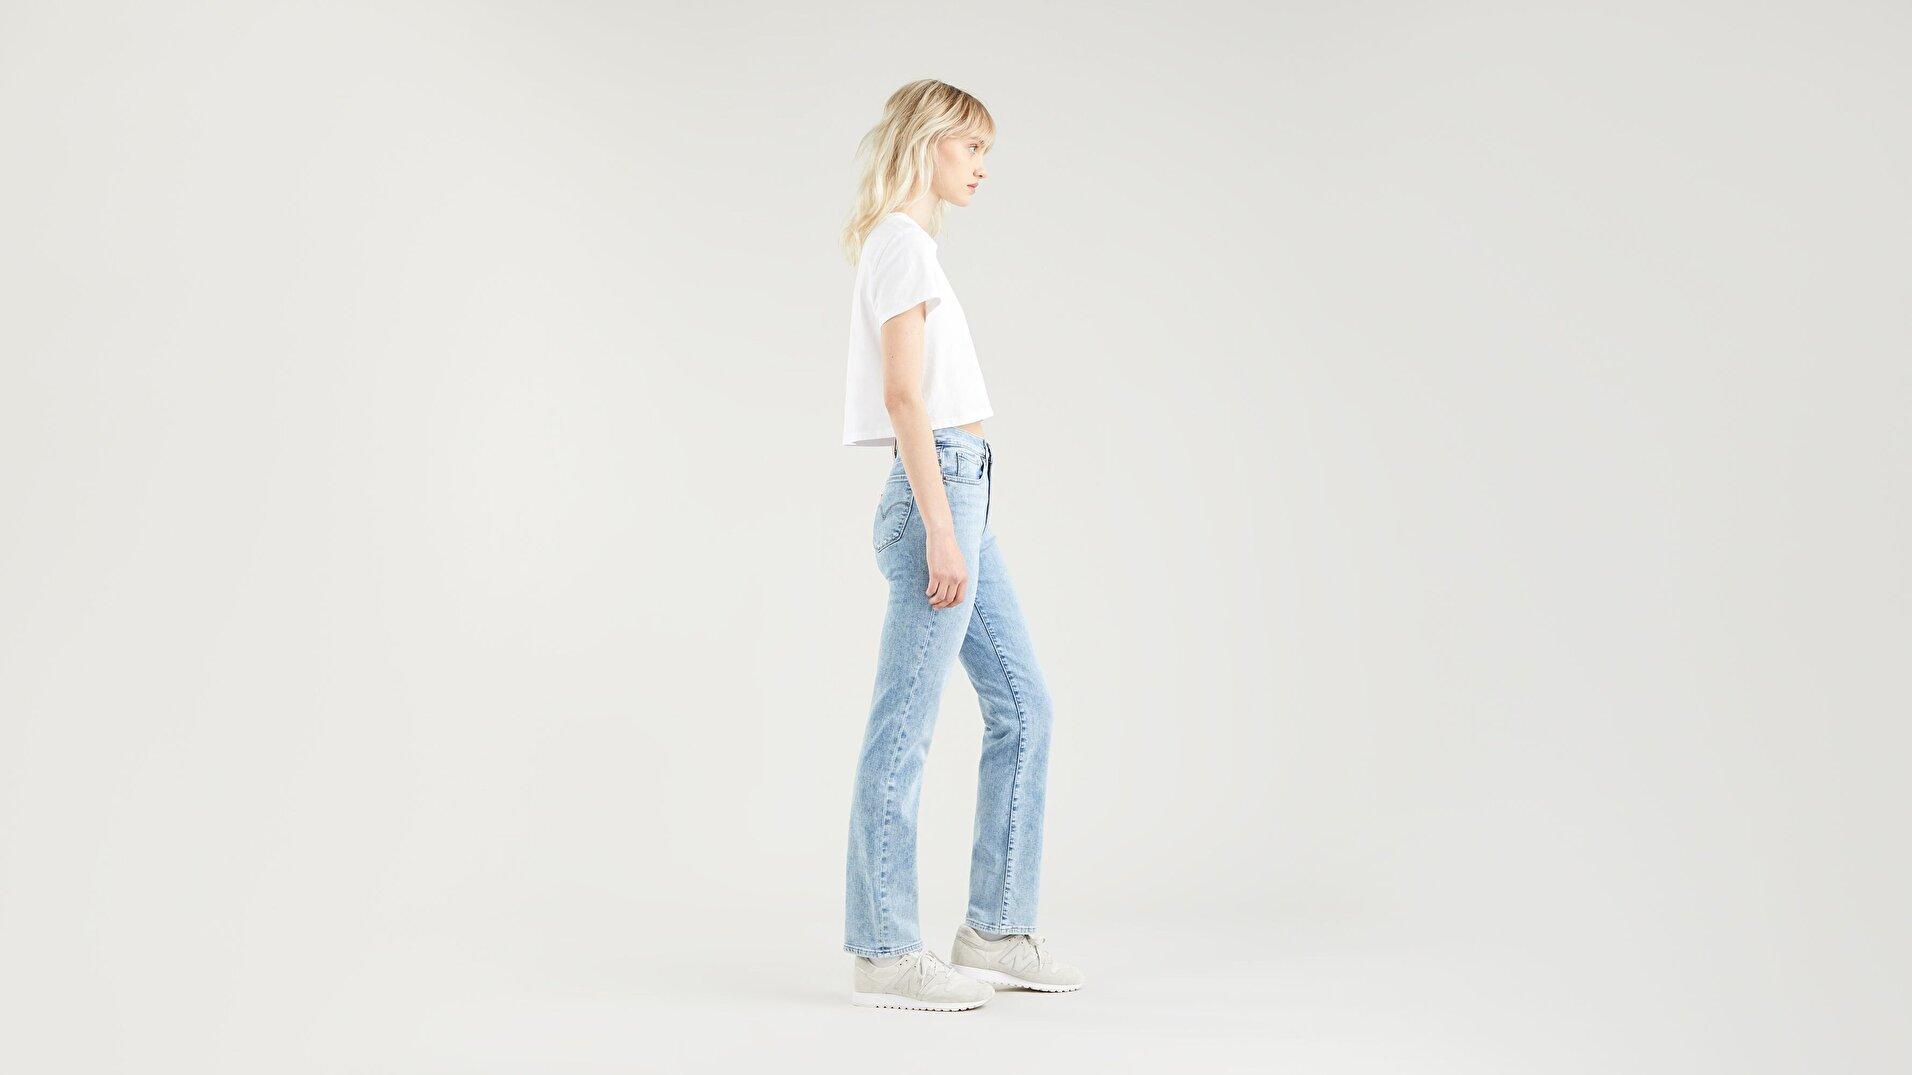 724™ High Rise Straight Kadın Jean Pantolon - Spill The Tea - Light Indigo
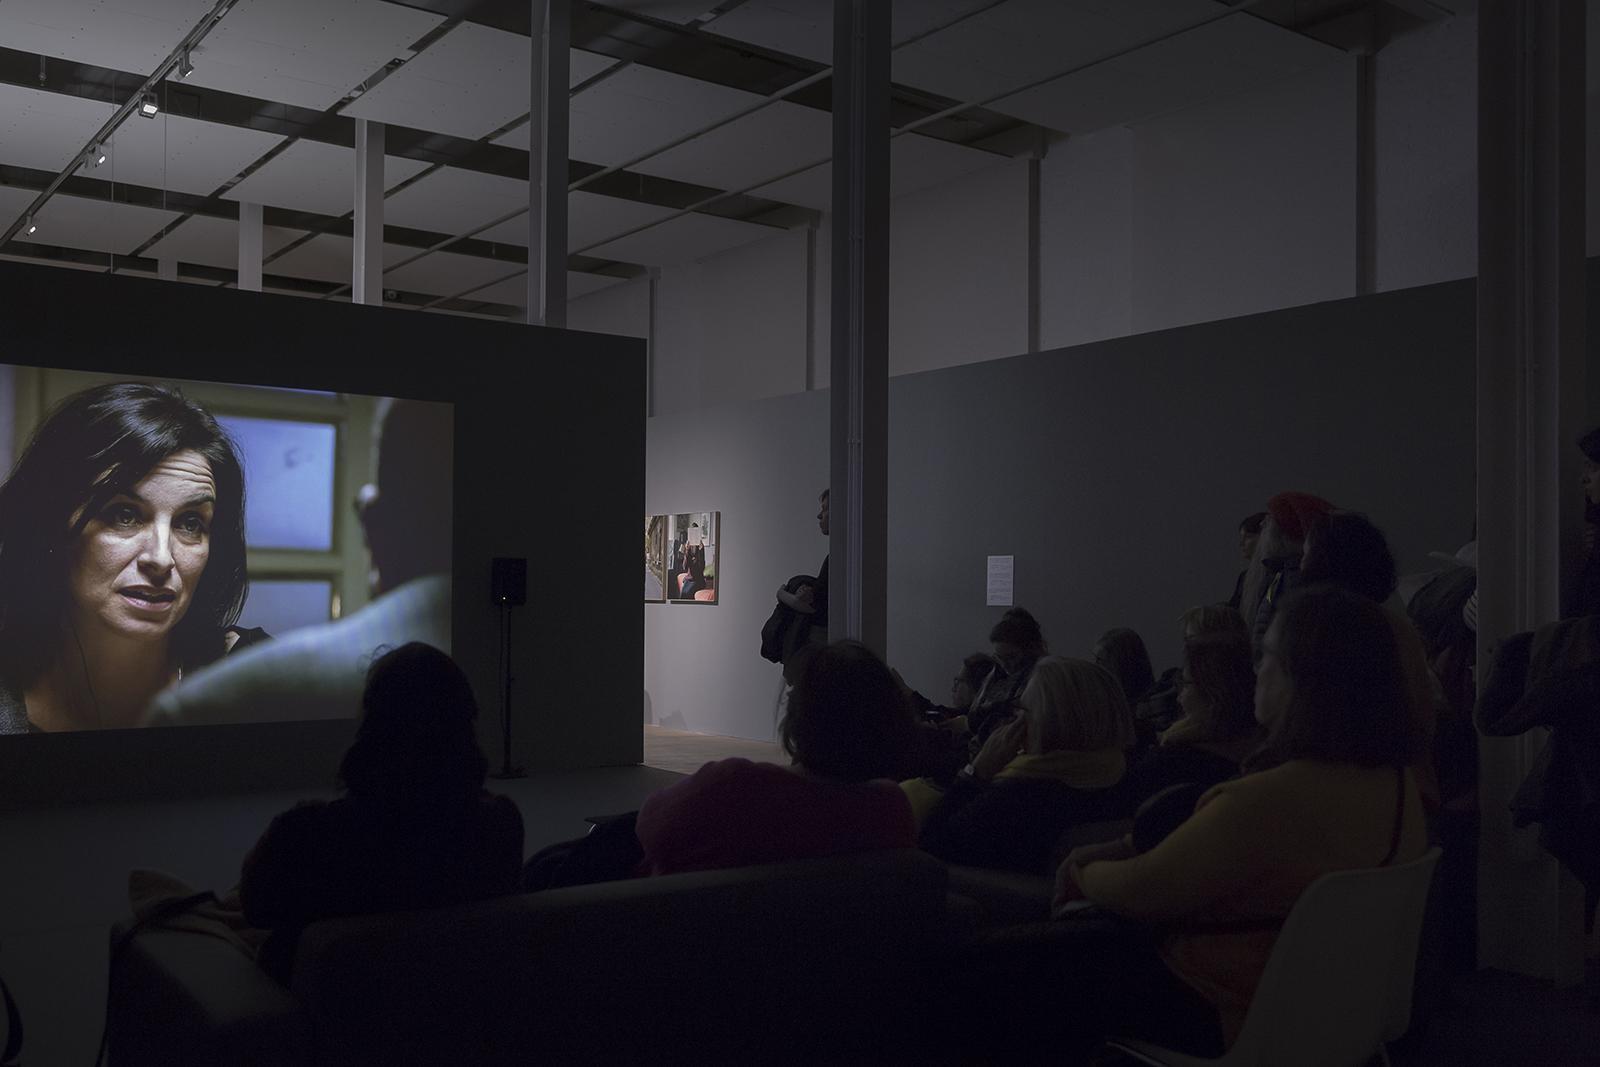 Projecte sobre l'amor a Sèrbia de Mireia Sallarès. Fabra i Coats. Centre d'Art Contemporani. Fotografia de Eva Carasol              | Mireia Sallarès
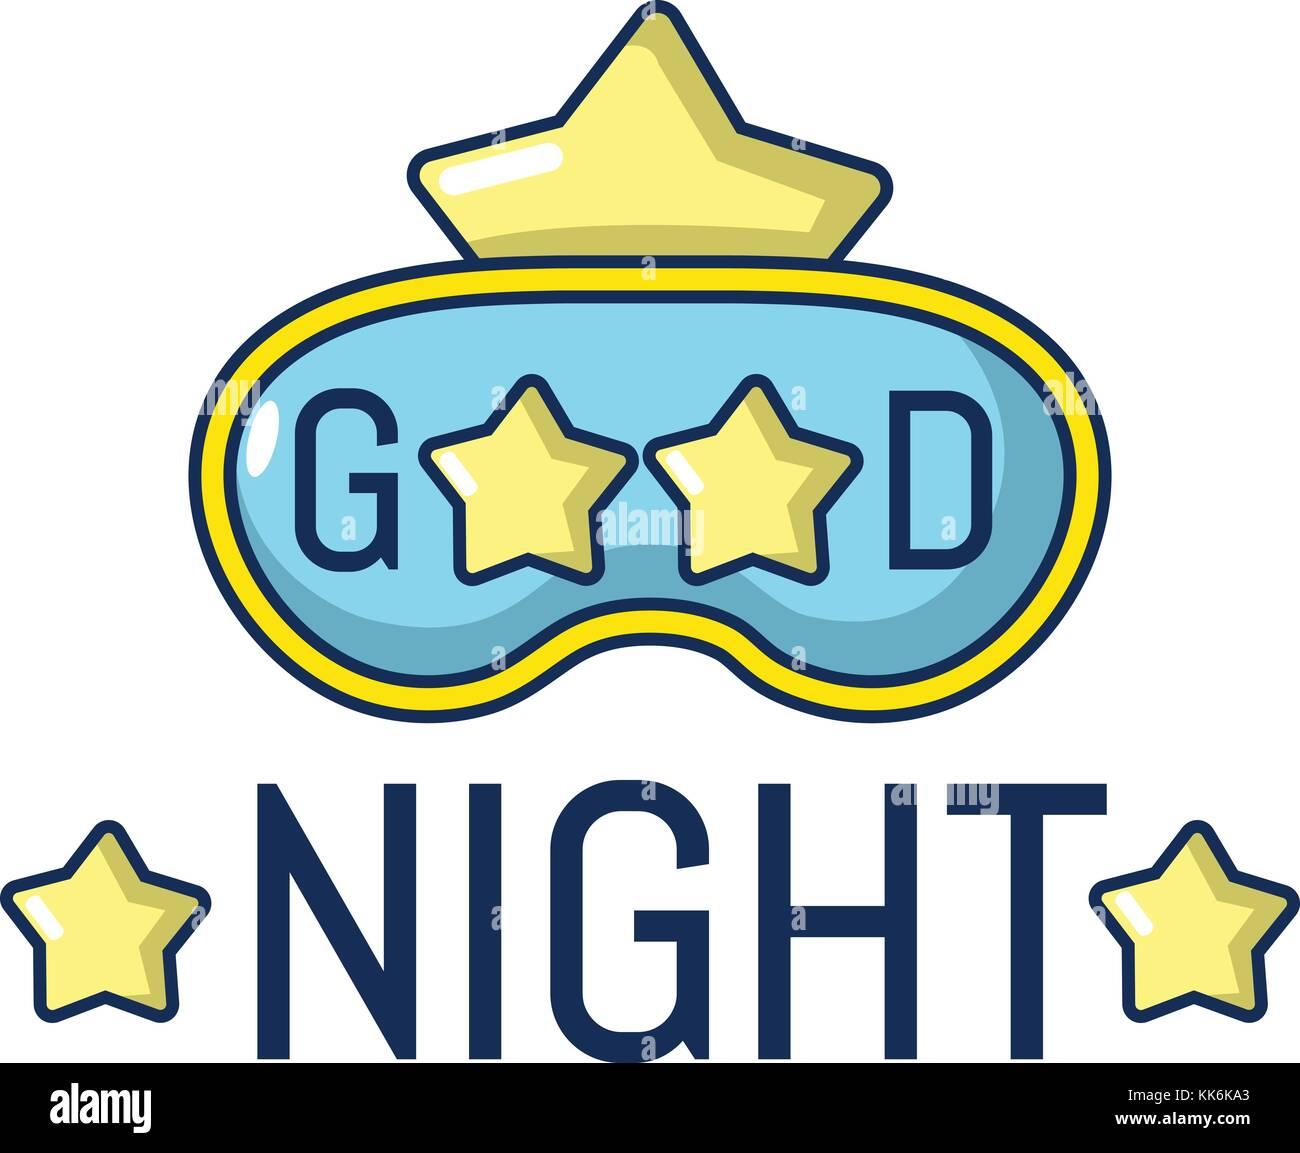 Good Night Icon Cartoon Style Stock Vector Art Illustration
________________________________________
**Assigned task**
Copy the whole listing above word for word but do not carry over the pictures.

**Solution to this exercise**
 724™ High Rise Straight Kadın Jean Pantolon - Spill The Tea - Light Indigo
 Projecte sobre l'amor a Sèrbia de Mireia Sallarès. Fabra i Coats. Centre d'Art Contemporani. Fotografia de Eva Carasol              | Mireia Sallarès
 Good Night Icon Cartoon Style Stock Vector Art Illustration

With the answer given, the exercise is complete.